Exercise: Below are some records. Retype exactly the lines from the one containing "Barco-K5830121-02 obsolete, replacement" through the one containing "Hostess Chocolate Ding", both included, skipping every picture.

Extracted entries:
>>

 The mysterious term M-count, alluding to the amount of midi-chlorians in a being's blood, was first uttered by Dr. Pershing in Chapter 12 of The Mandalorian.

<<
>>

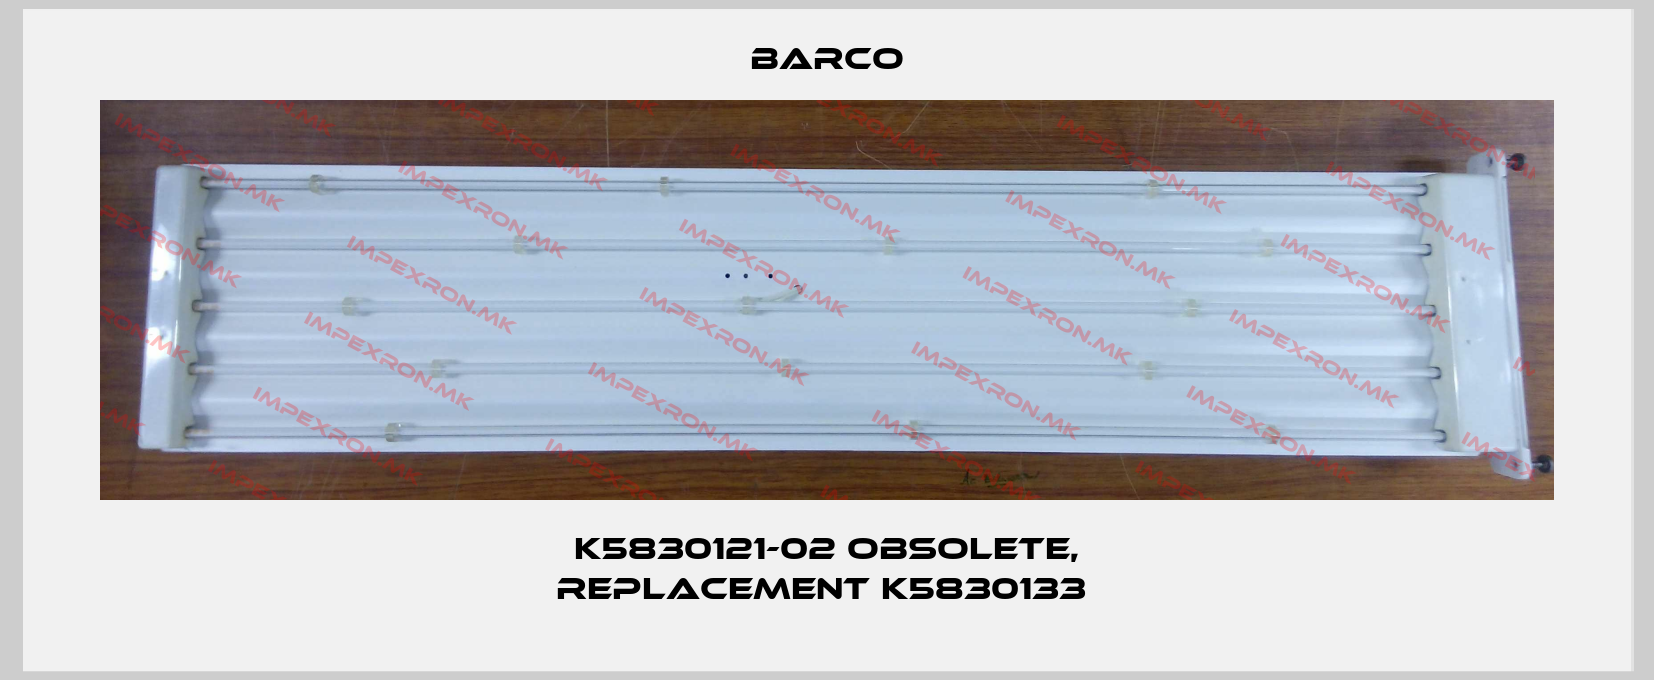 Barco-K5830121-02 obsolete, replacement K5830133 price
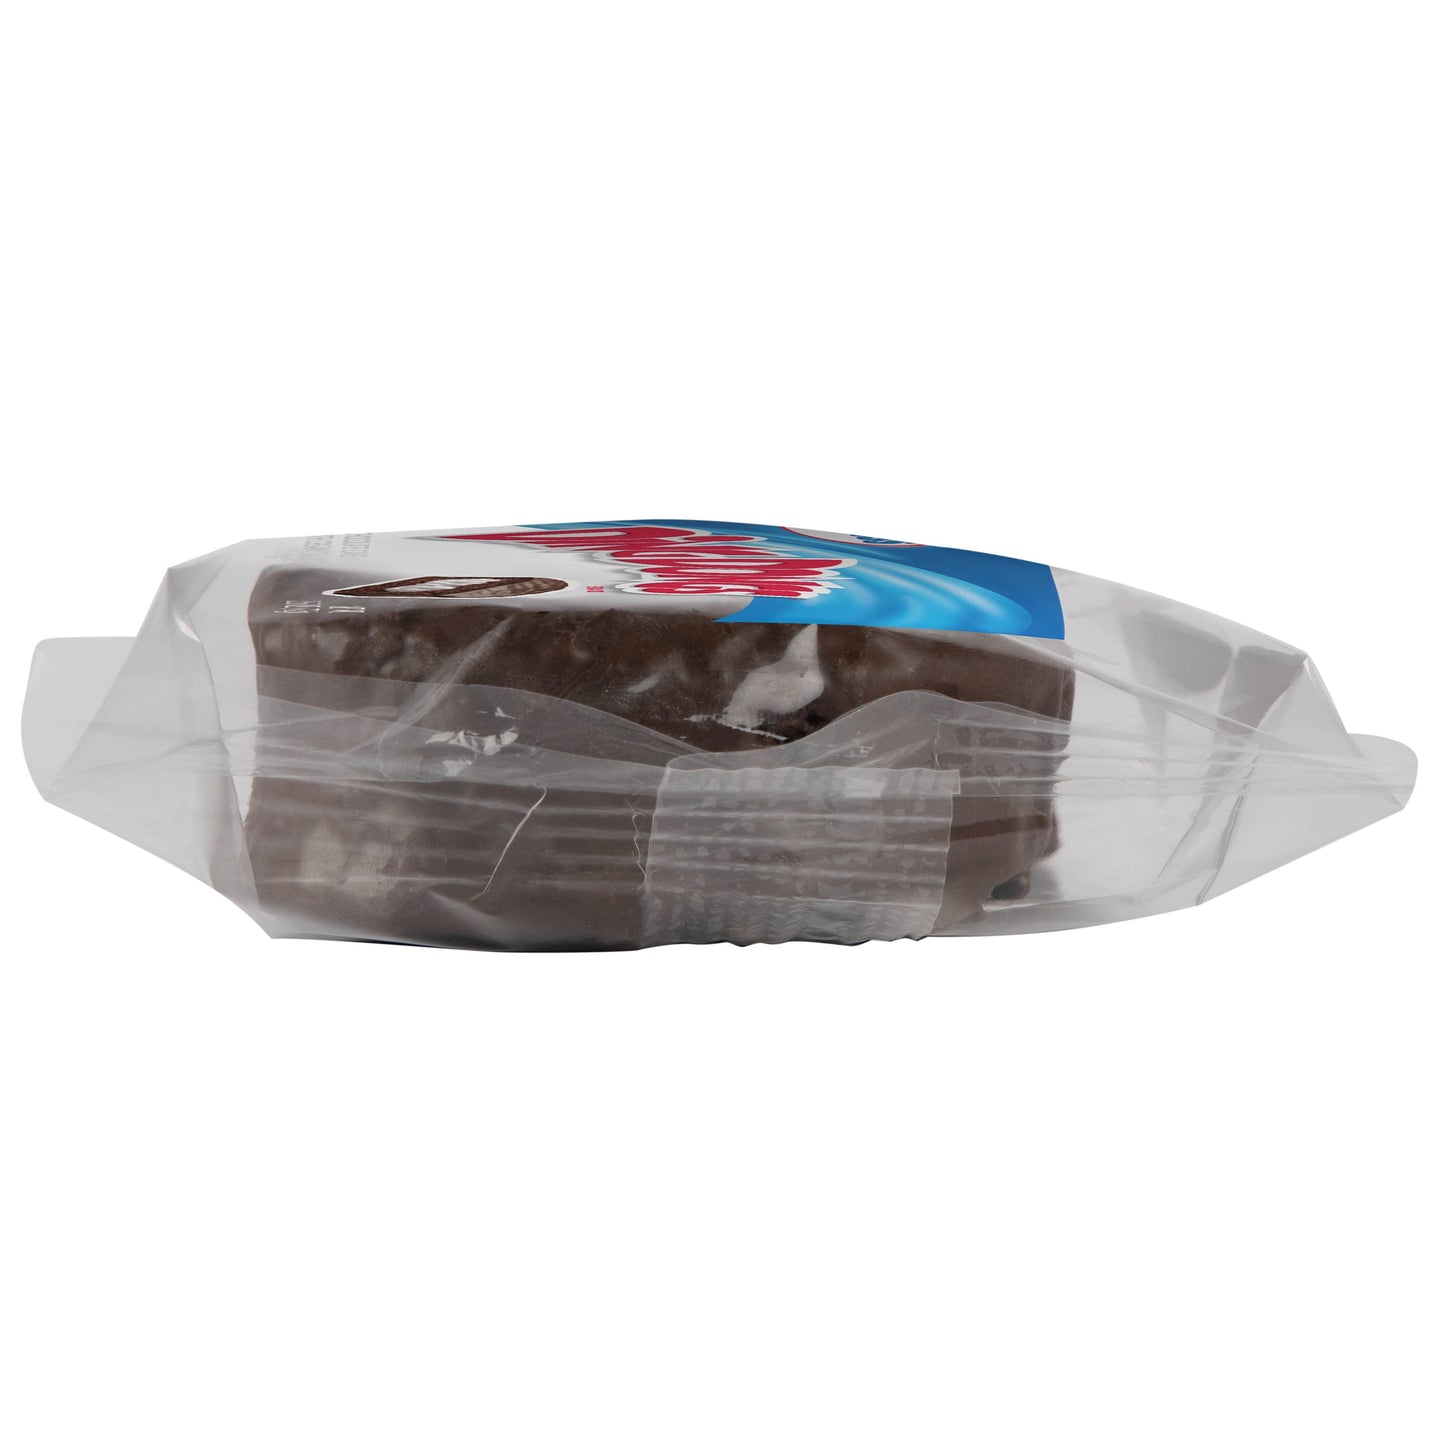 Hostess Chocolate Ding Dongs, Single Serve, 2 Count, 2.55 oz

<<
>>

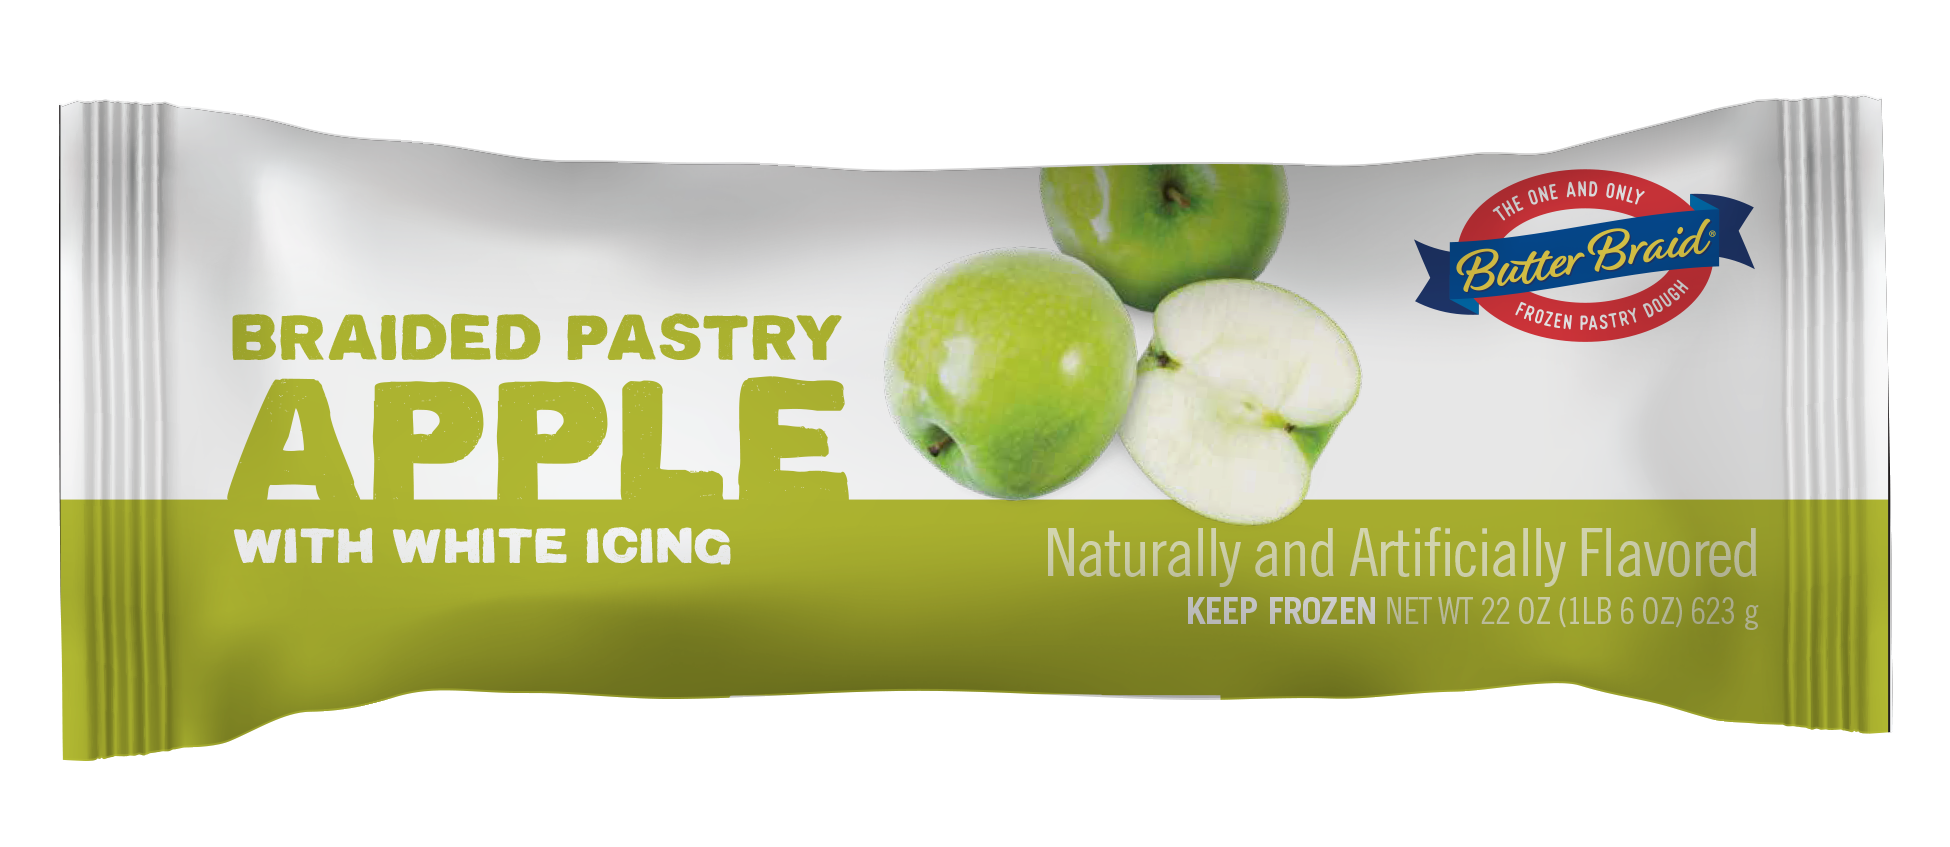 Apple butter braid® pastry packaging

<<

Solution to this task:
 Barco-K5830121-02 obsolete, replacement K5830133 price
 Hostess Chocolate Ding Dongs, Single Serve, 2 Count, 2.55 oz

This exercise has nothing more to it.